Key-hole surgery is the preferred way of removing the gallbladder. This usually involves 4 or 5 small incisions in the abdomen and is performed under a general anaesthetic. Many patients who are suitably fit can have the operation performed as a day case procedure, where they are discharged home on the same day that the operation is performed. Previous major abdominal surgery, or some specific problems from gallstones, may mean a person is not suitable for key-hole surgery, in which case an open operation is performed through a single, larger incision. This requires an in-patient stay for a number of days to recover before being able to go home.

Benefits

The main benefits of having your gallbladder removed are to treat symptoms, such as pain, and to prevent further problems that gallstones may cause, such as infections, jaundice or pancreatitis. Sometimes the gallbladder may be removed to treat polyps which may not be causing symptoms, but are associated with a risk of gallbladder cancer.

Risks

Any operation carries with it some associated risks. While every effort is made to minimise the risks associated with surgery, the risks of surgery cannot be removed entirely. General risks of having an operation include bleeding, wound infection, clots on the legs or lungs, and anaesthetic problems such as allergic reactions to medications. Specific risks associated with having gallbladder surgery include:

  • Leakage of bile from the bile tubes
  • Injury to the main bile duct
  • Undetected stones being left behind in the bile duct
  • Diarrhoea or dietary intolerance of fat

While the specific risk of these complications may vary according to your circumstances, a large national study in the UK quantified some of the specific risks as follows: bile leak - approximately 1 in 100; main bile duct injury - approximately 1 in 300 (CholeS Study Group, 2016).

Recovery

After successful key-hole surgery, most patients are discharged within 24 hours. After the operation, you will be able to get up and walk around and perform usual activities such as washing and dressing. You will be given regular pain killers to help control the pain from the operation. After a few days, the pain should steadily improve and you will then be able to cut down the pain killers you are taking. Most people are able to return to office-type work after 2 weeks, but more physical work may require a longer period such as 4 to 6 weeks. You should not drive until you are able to comfortably wear a seatbelt, perform an emergency stop and twist to check your blind spot. If you can do these without hesitating due to pain, we advise you must notify your insurance company before resuming driving.

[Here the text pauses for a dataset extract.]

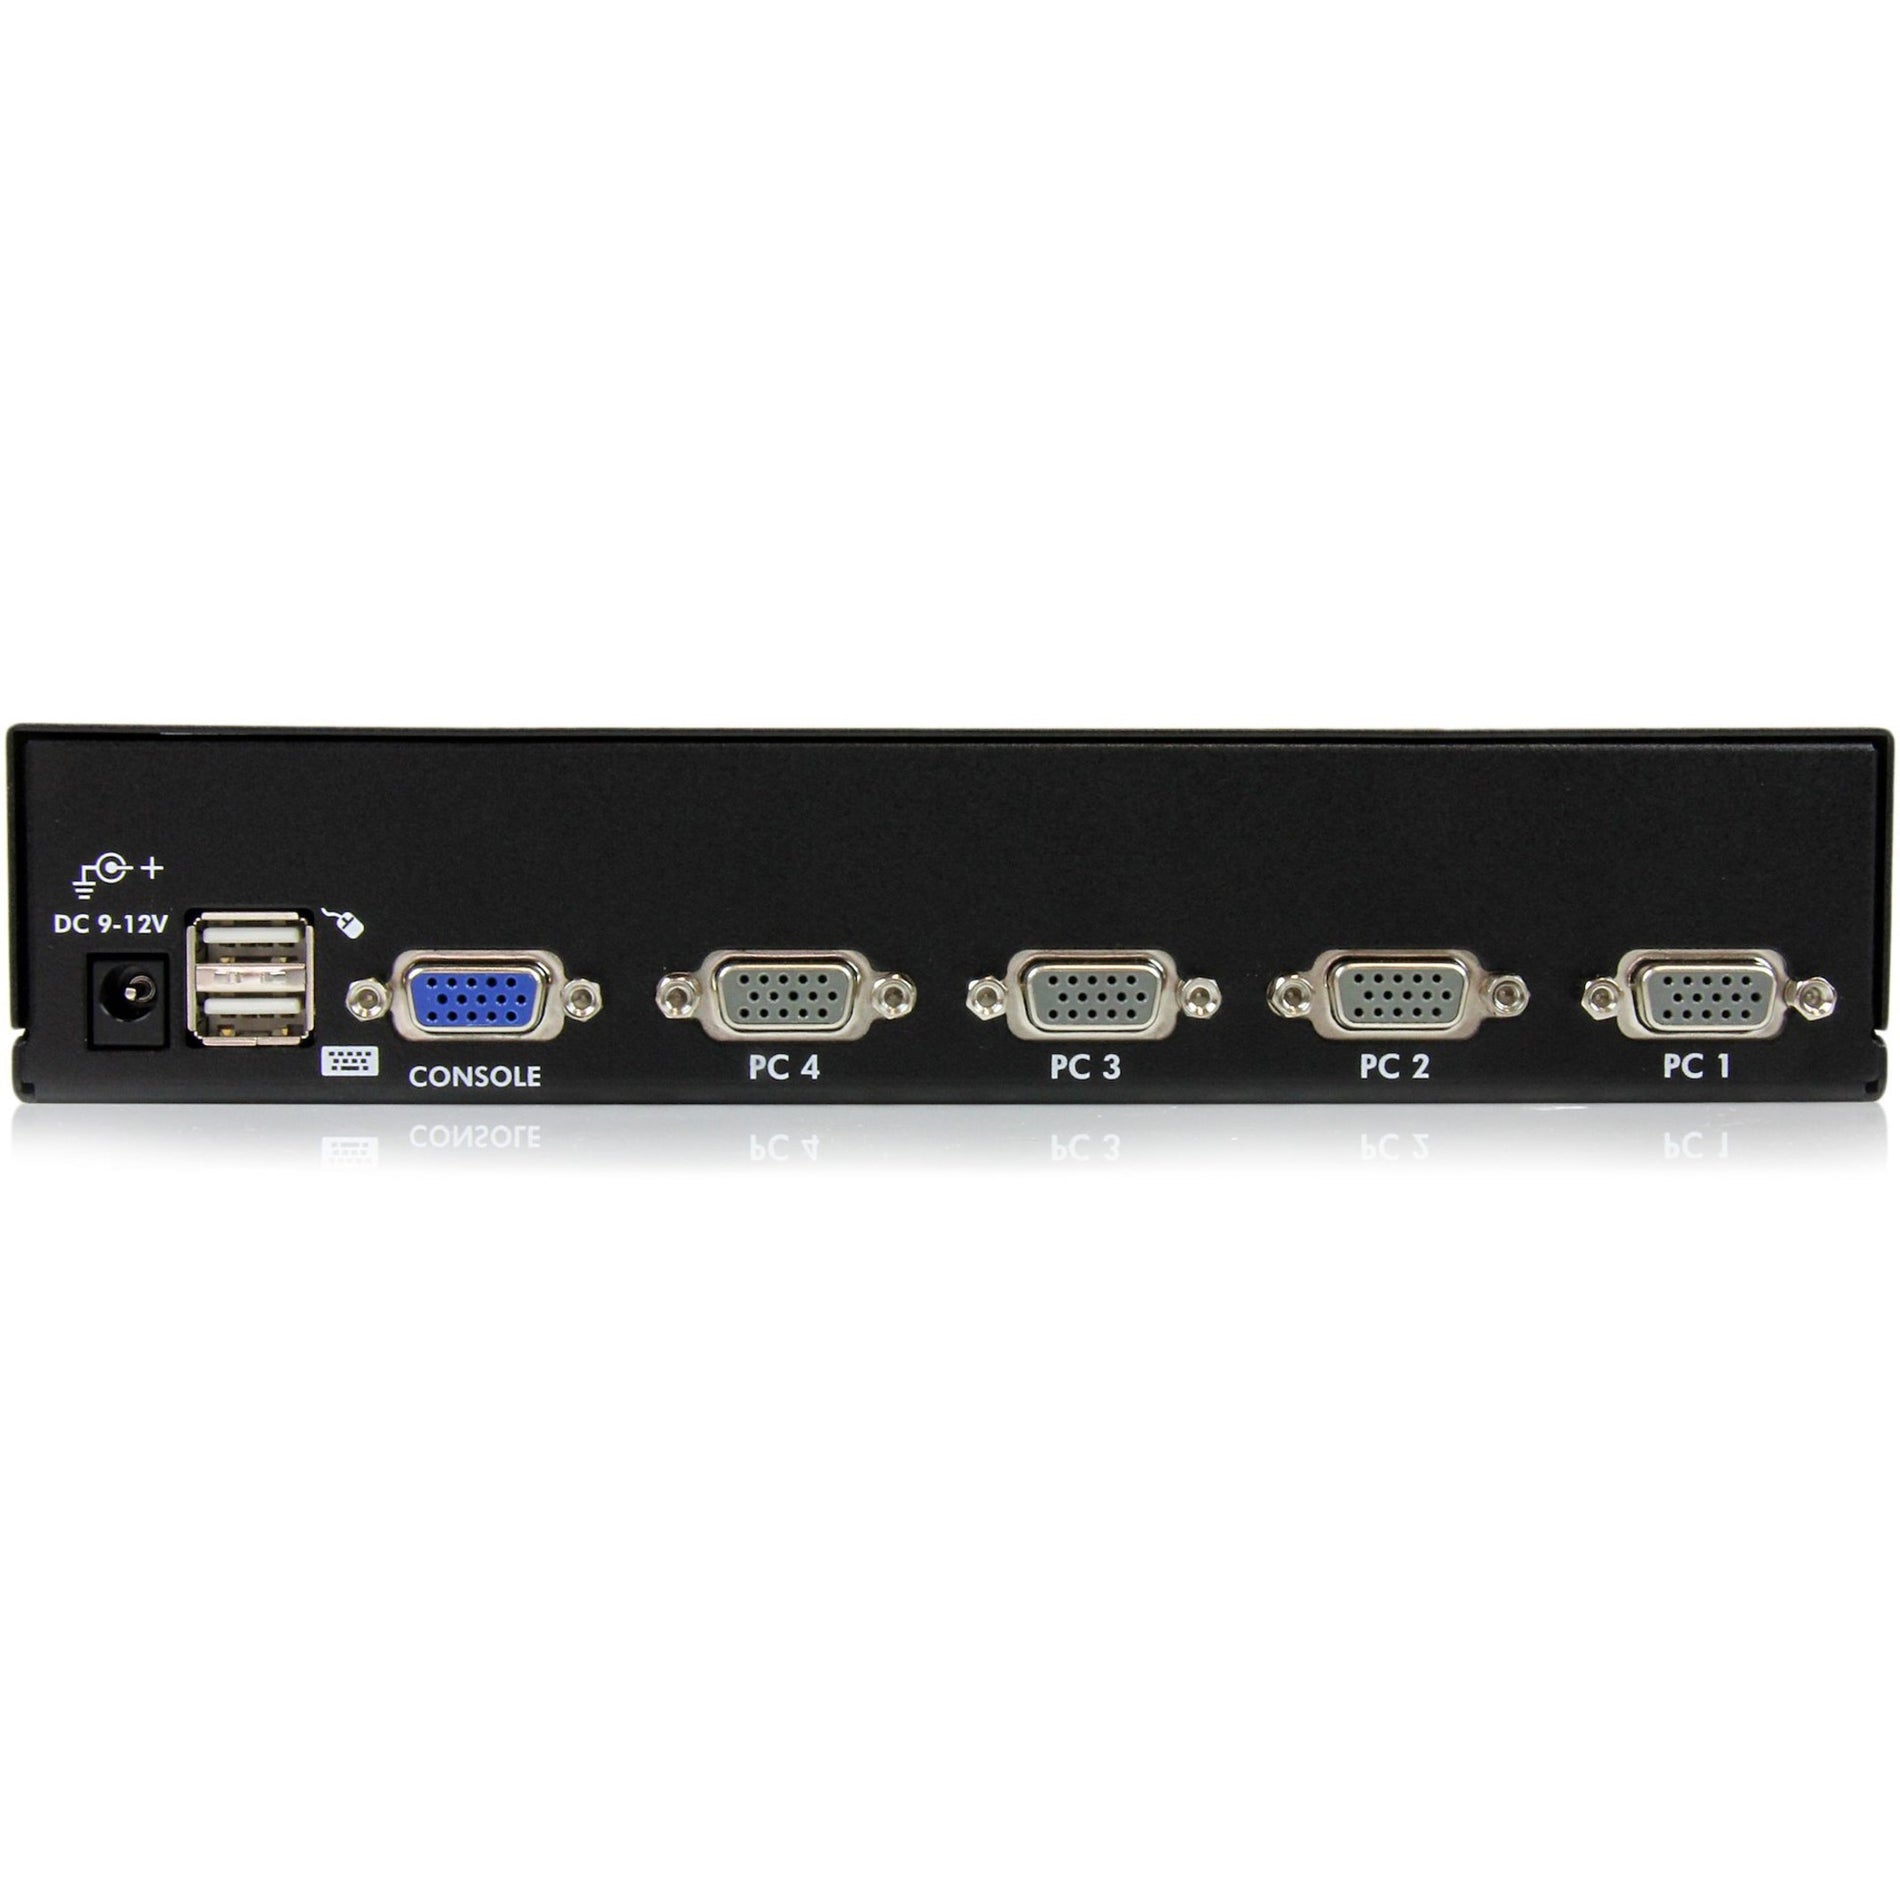 スタートレック・ドットコム SV431DUSBU 4 ポート 1U ラックマウント USB KVM スイッチ with OSD、最大ビデオ解像度 1920 x 1440、3 年間の限定保証

Most patients do not require any further follow up after the operation. However, you should monitor your wounds, and if you develop any redness, increasing pain or tenderness, discharge from the wounds, or develop a fever, or are concerned you are not recovering from the operation, you should consult a doctor.

Liver reducing diet

If you are having surgery to remove your gallbladder and you are significantly overweight, you will need to follow a special diet for 2 weeks before your operation to make the operation safer for you. This is called the 'Liver reducing diet' and further information about this can be found here. This special diet is advised for all patients with a Body Mass Index (or BMI) over 40. BMI is worked out from your weight in kilograms and your height in metres. You can find an NHS BMI calculator by clicking here.

This is a short-term diet for the specific purpose of preparing people who are overweight for their operation. Please read the information leaflet carefully and follow it as advised.

References

CholeS Study Group and West Midlands Research Collaborative. Population-based cohort study of outcomes following cholecystectomy for benign gallbladder diseases. British Journal of Surgery (2016);103(12):1704-1715.